Если и была с его стороны строгость, то лишь в отношении того, что касается правильного исповедания основ вероучения, сохранения церковной традиции и благоговейного отношения к святыне. На протяжении многих лет владыка последовательно защищал, например, юлианский календарь, запрещал своему клиру участвовать во «всехристианских» богослужениях в виду их канонической сомнительности, и среди прочего имел обычай не допускать до креста и икон дам с помадой на губах. Впрочем, с этой модой его прихожанки расставались легко. Правила наружного поведения в храме не тяготили: там, где все соединяла любовь, у всякой вещи было свое место.
Для большинства почитателей владыки он и по сей день остается «Иоанном Шанхайским», однако «право на участие в его титуле» могли бы оспаривать, помимо Сан-Франциско, где прошли последние годы его служения, Франция и Голландия: в обеих странах Православная Церковь была принята им под свой омофор.

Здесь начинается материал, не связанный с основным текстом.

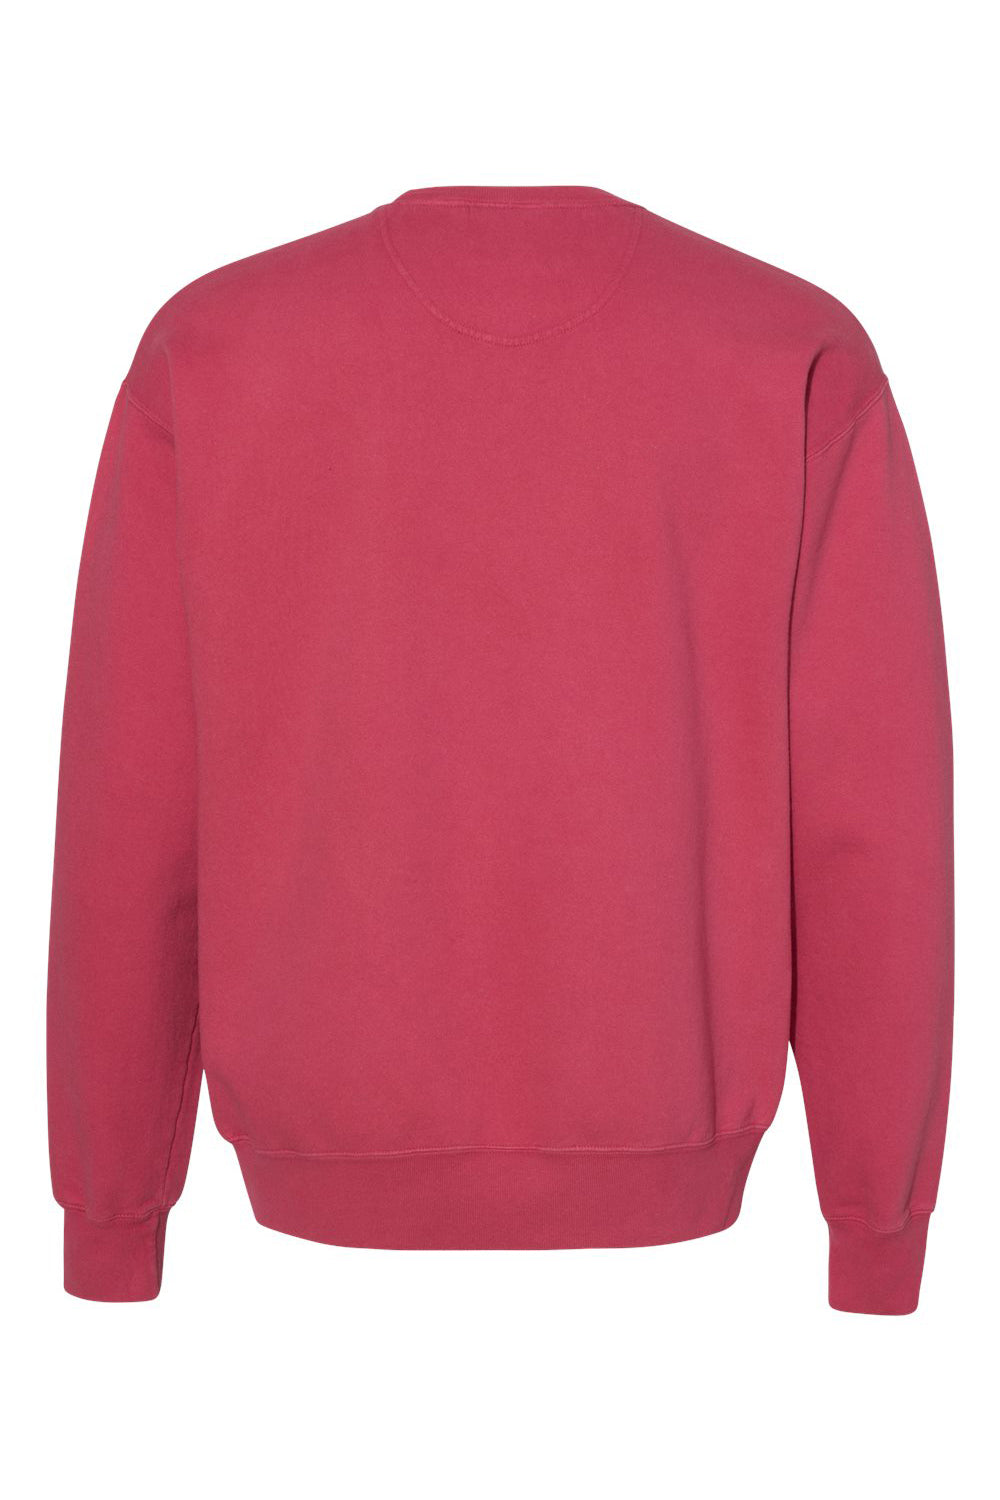 Champion CD400 Mens Garment Dyed Crewneck Sweatshirt Crimson Red Flat Back

В 1946 г. владыка Иоанн был возведен в сан архиепископа. Под его окормлением оказались все русские, жившие в Китае. С приходом коммунистов владыка организовал эвакуацию своей паствы на Филиппины, а оттуда – в Америку. Заслуживает упоминания и его усердие: разрешение на въезд для русских беженцев в Штаты он исходатайствовал буквально «приступом», сутками напролет дежуря у дверей кабинетов, терпеливо дожидаясь приема чиновников. Тогда же из Шанхая на Запад был эвакуирован и основанный им детский приют, через который в общей сложности прошло 3500 детей.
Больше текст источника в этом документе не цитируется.